NLP technology has been widely used to analyze the emotions expressed or perceived in texts, such as book reviews (Zhang, Tong & Bu, 2019), opinions on social media platforms (Xu et al., 2021a), movie reviews (Kaur & Verma, 2017; Lu & Wu, 2019), party statements (Haselmayer & Jenny, 2017), and song lyrics (Rachman, Samo & Fatichah, 2019). Knowledge-based approaches and machine learning-based approaches are two common approaches used for emotional analysis (Liu & Chen, 2015). The knowledge-based approach is an unsupervised approach that uses an emotional dictionary or lexicon (a list of words or expressions used to express human emotions) to label emotional words in text (Liu, 2012).

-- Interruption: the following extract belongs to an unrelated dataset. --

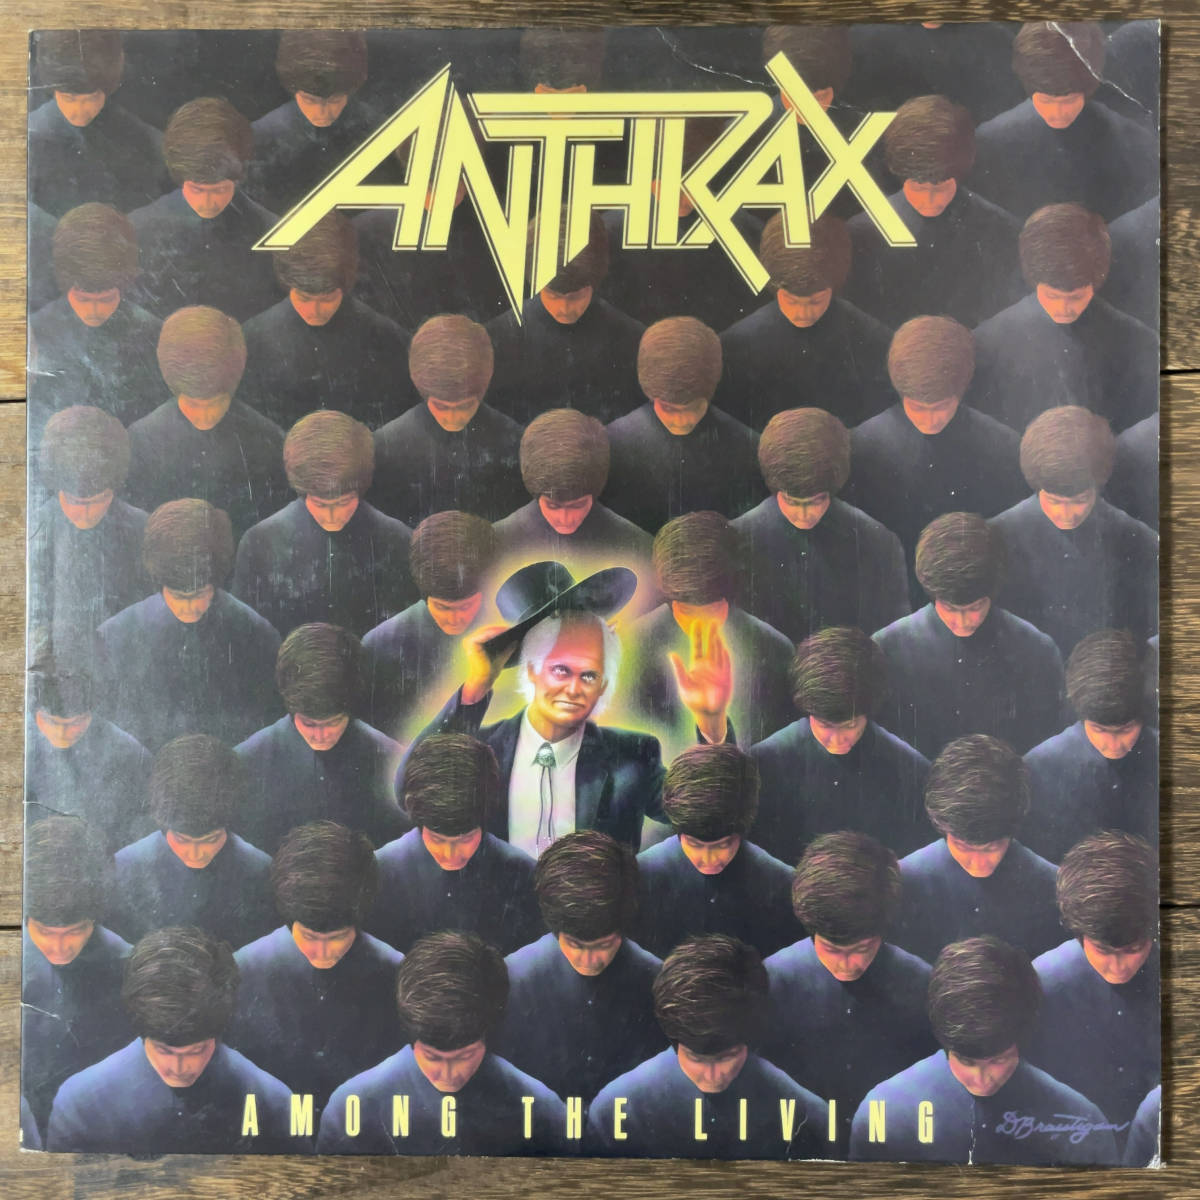 Yahoo!オークション -「anthrax among the living」の落札相場・落札価格

Thus, a high-quality emotional dictionary is the basis of this approach. In contrast, the machine learning approach is usually a supervised approach that requires a labeled dataset to construct emotion recognition models (Peng, Cambria & Hussain, 2017). It usually constitutes a process of (a) extracting text features (including lexical features, syntactic features and semantic features), (b) using machine learning algorithms to construct the relationship between extracted features and labeled emotions, and (c) predicting the emotions of untagged texts.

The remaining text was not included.